Accurate assessments of the population burden and the impact of cirrhosis in EHR research depend on the performance and validity of the coding algorithms used to identify cases. The aim of this study was to synthesise and validate an approach that can be used to facilitate future research to improve the applicability of EHR research findings internationally. We found that there was substantial variation in the codes used to define cirrhosis. We extracted the most frequently used and relevant codes and combined them into a consensus code set (Table 6), with a positive result indicated by the presence of one or more of the included codes in in‐patient or out‐patient records. This code set was validated in two diverse patient populations from Europe and North America. In contrast to the most frequently used code set for cirrhosis, we found that our consensus code set improved sensitivity for the identification of cirrhosis with maintained high PPV. It is intended that this code set is used in future EHR research, where cirrhosis is defined by the presence of one or more of the codes in the set in the in‐patient or out‐patient setting. The code set will enable researchers to collaborate internationally and compare diverse populations of patients with cirrhosis using EHR data.

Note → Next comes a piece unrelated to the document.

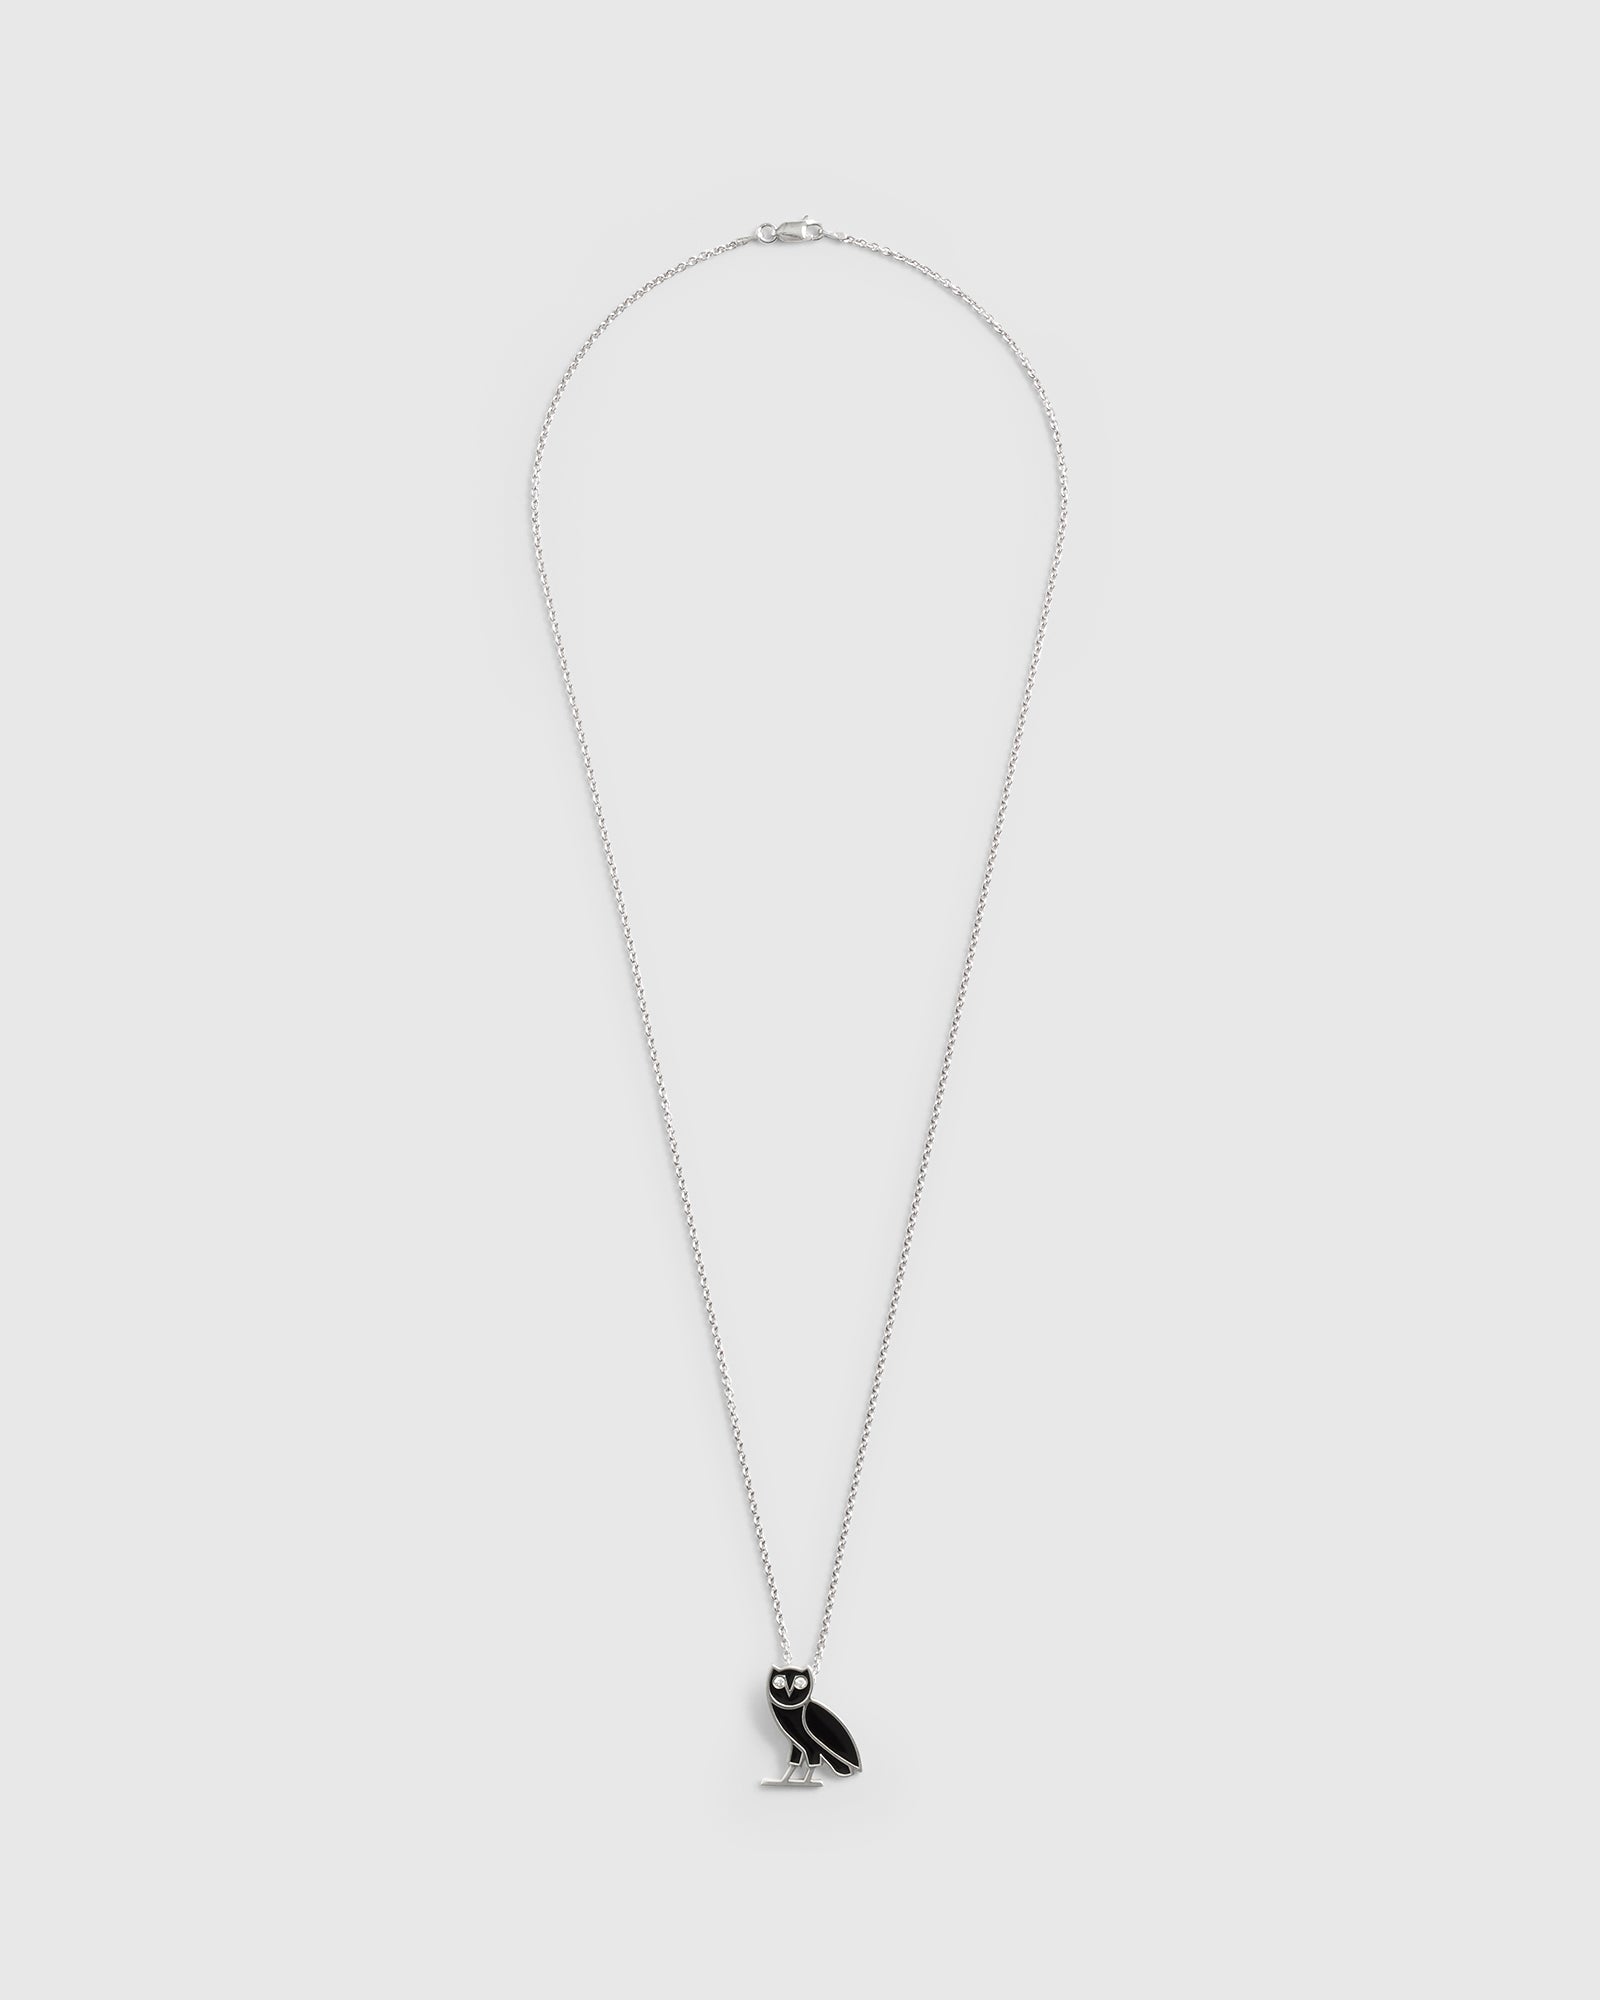 Pre-Order: Jacob & Co. OG Emblem Necklace - Silver IMAGE #2

The purpose and context of diagnostic coding

The increasing importance of EHR‐based research and the role of real‐world evidence in clinical decision making demands a critical appraisal of the tools used to identify cirrhosis in such studies. When reviewing the literature to determine the validity of diagnostic coding one must consider the study purpose, location and the data source from which the codes were extracted. The provision of healthcare and the databases in use vary considerably worldwide, and in developed countries the most important factor to consider is the role of medical billing. In the UK and most Scandinavian countries healthcare is financed through tax payments. European countries such as Germany and France use insurance systems and Canada employs a government led publicly funded model, with the option of privately paid insurance as a supplement. In the United States there are numerous systems in place, the majority of which rely upon medical billing and coding. Administrative and physicians claims databases were developed primarily for the purpose of billing and financial re‐payment. While the accuracy of these databases in identifying diseases has been widely reported upon , , how accurately these findings translate to those countries where databases and healthcare systems differ, and medical billing does not exist remains unclear.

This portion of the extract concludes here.